Bien que self-made-man, Abdoul Aziz est reconnaissant aux premières autorités de son pays pour l'accompagnement dont il a bénéficié. « Nous avons voyagé avec le chef de l'Etat au Rwanda où nous avons pu montrer ce que le Niger fait dans le cadre de la technologie drone. J'ai eu la chance d'aller à un sommet de l'Organisation de l'aviation civile internationale (OACI) à Montréal pour présenter mon drone grâce à l'Agence nationale de l'aviation civile », soutient-il. Abdoul Aziz est aujourd'hui fier d'avoir fait tout son cursus dans son pays natal. « Il n'est pas nécessaire d'aller ailleurs pour réaliser ses rêves. Après mon Bac, mon rêve était d'aller faire mes études au Canada. Mais je n'ai pas pu le concrétiser.

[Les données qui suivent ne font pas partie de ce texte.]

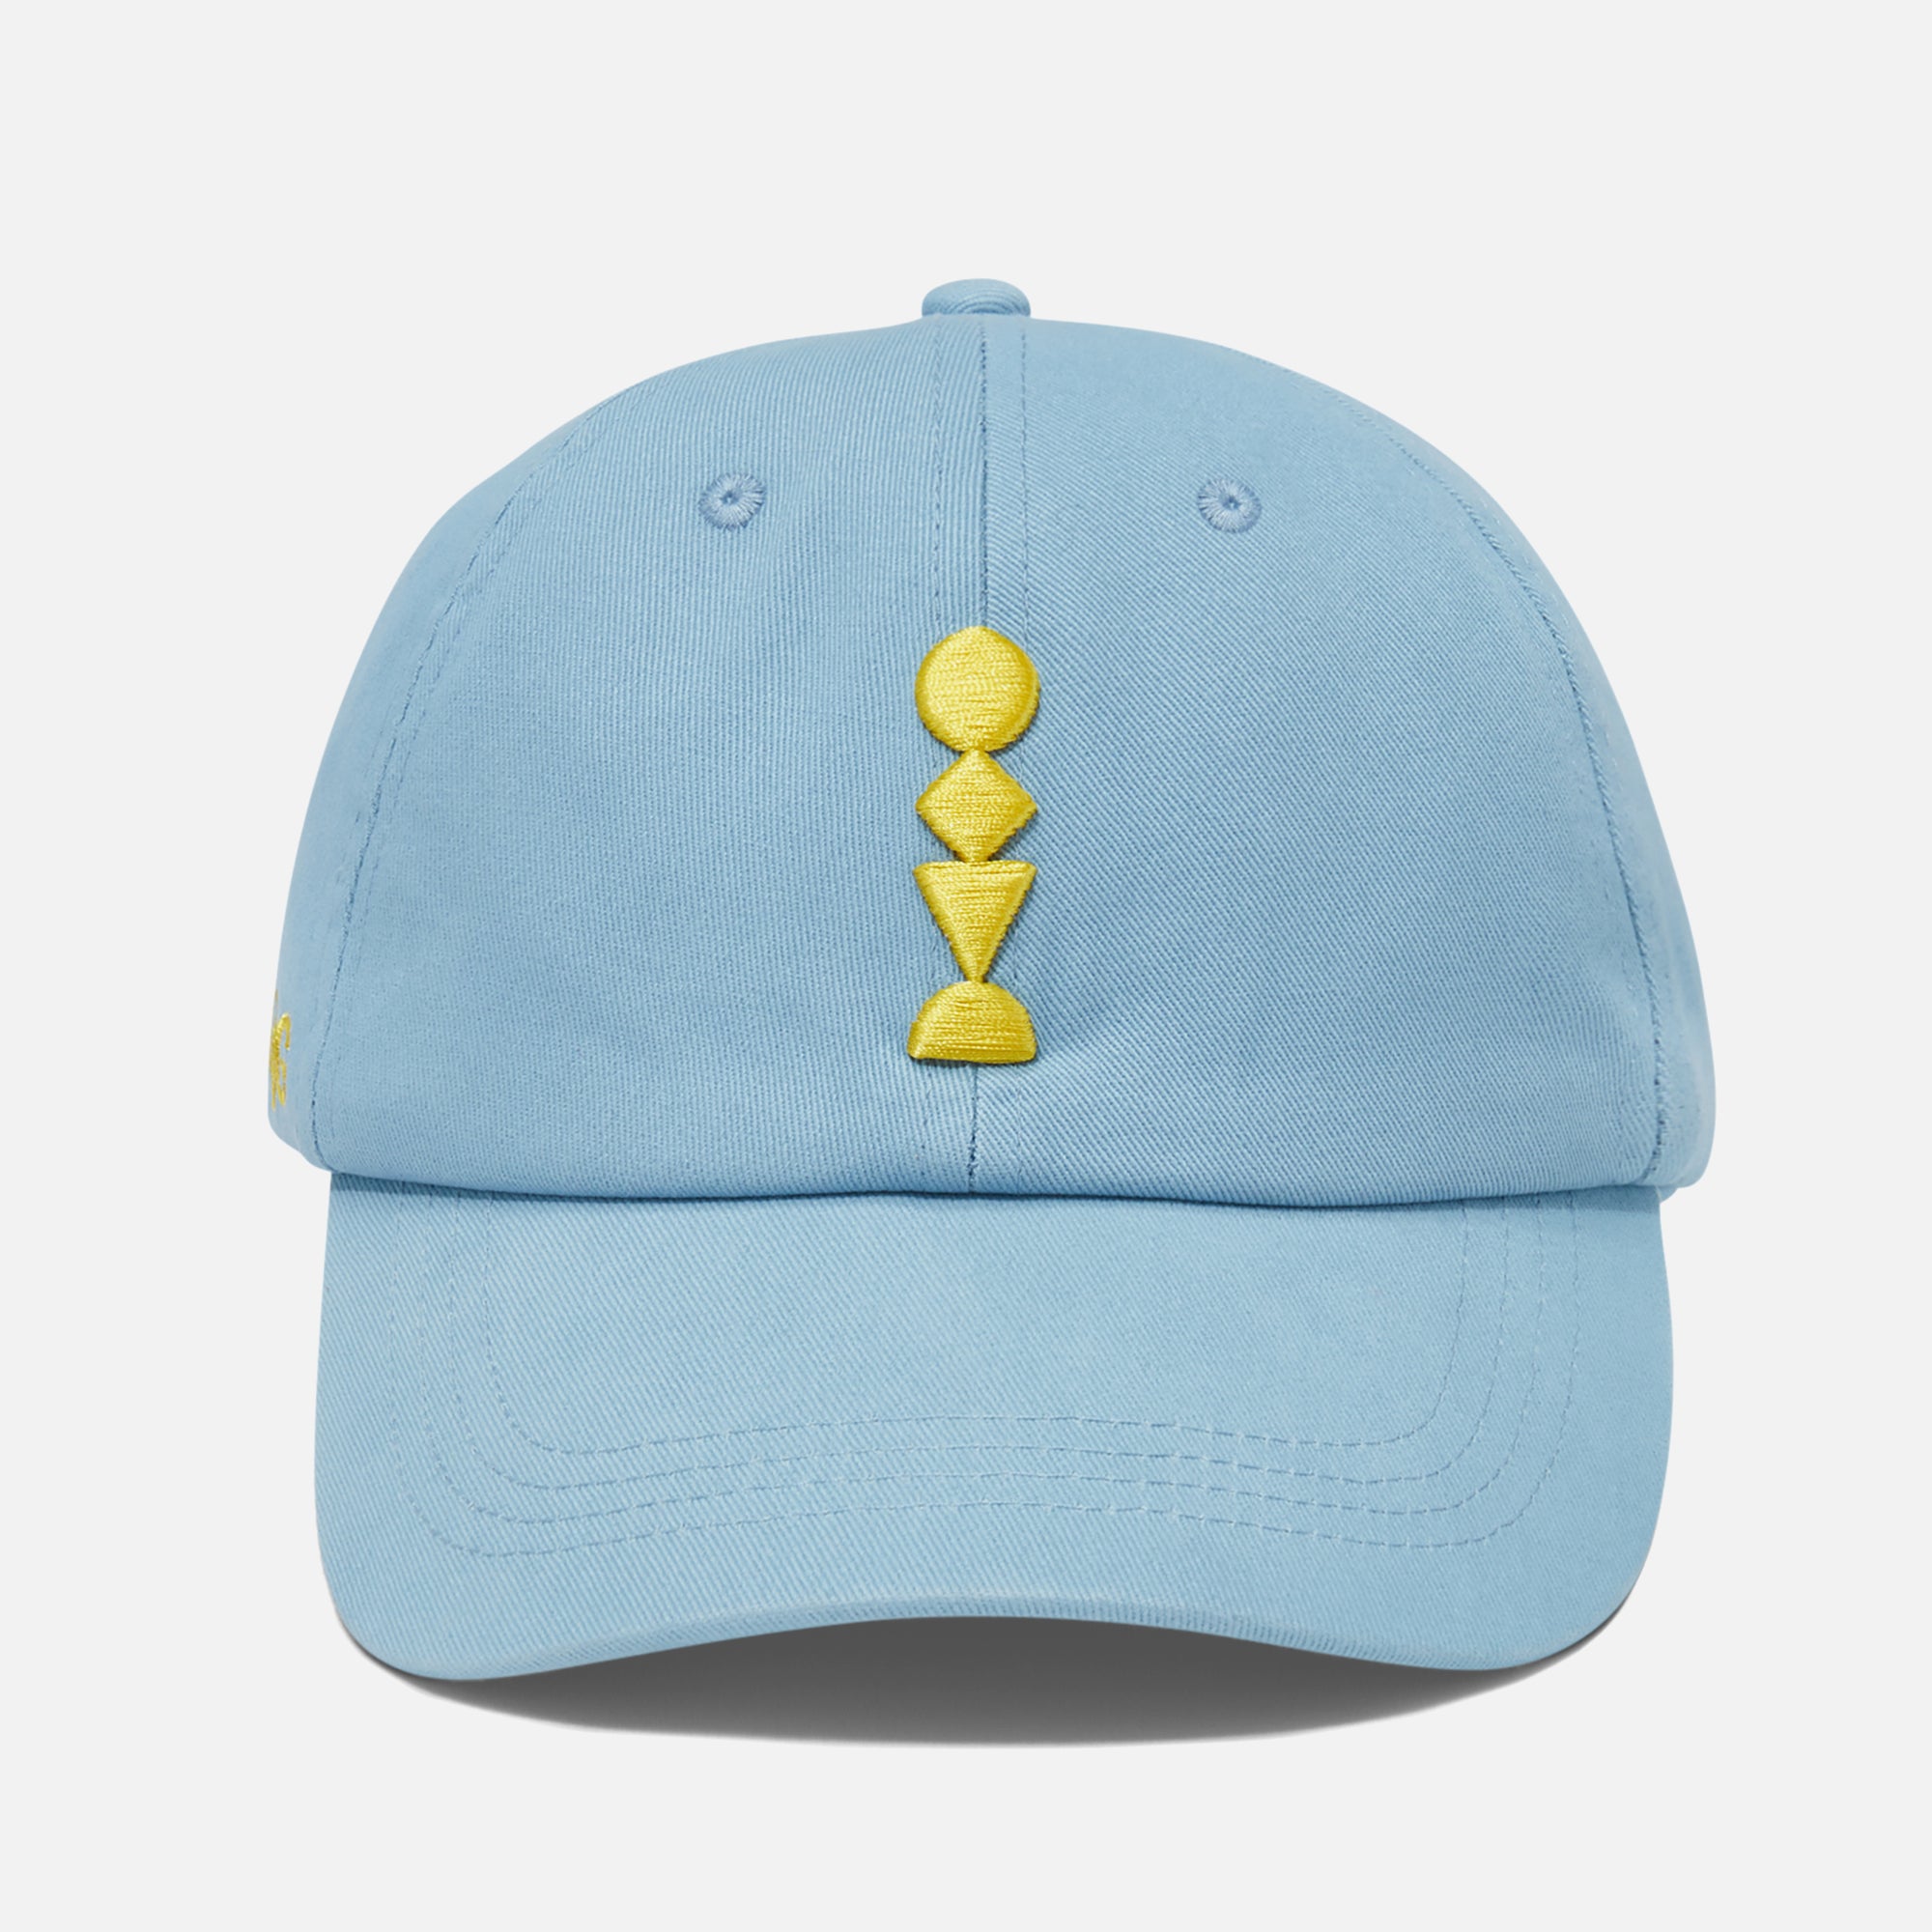 Blue Baseball Cap with a Yellow Embroidered Design on a White Background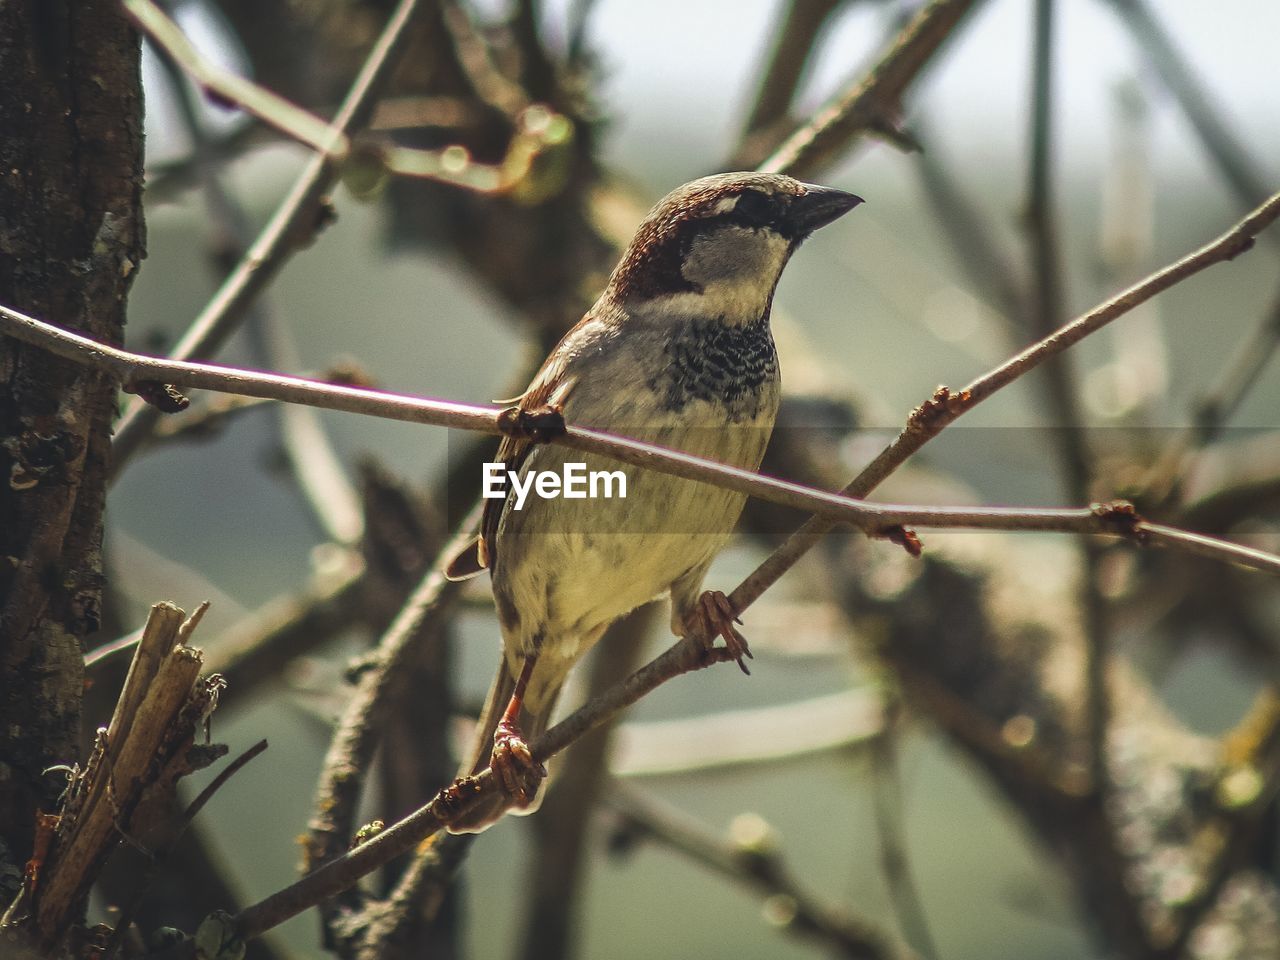 animal themes, animal, animal wildlife, bird, wildlife, tree, nature, branch, one animal, perching, plant, beak, no people, focus on foreground, outdoors, twig, beauty in nature, close-up, day

Mais aujourd'hui en tant que chef d'entreprise, si je veux aller au Canada, j'achète mon billet d'avion et j'y vais. D'ailleurs, j'y ai été invité. J'ai été à Toulouse, la capitale européenne de l'aéronautique. J'ai été même invité par l'agence spatiale européenne lors d'un sommet. Ce sont des rêves que j'ai pu réaliser en étant ici au Niger », convainc le jeune entrepreneur. Féru de connaissances, il est régulièrement sur les forums pour se former davantage. « Au lieu d'aller passer mon temps sur Facebook ou sur WhatsApp, je vais à des forums aux Etats-Unis, en Chine, en Australie autour de la communauté drone. J'ai appris beaucoup de choses. Je regarde aussi beaucoup de tutoriels sur Youtube », dit-il dans un sourire où se lit une confiance en l'avenir. En 2021, Abdoul Aziz Kountché compte ouvrir Drone Academy, une école de formation sur le drone pour partager sa connaissance avec les jeunes Nigériens et ceux d'ailleurs.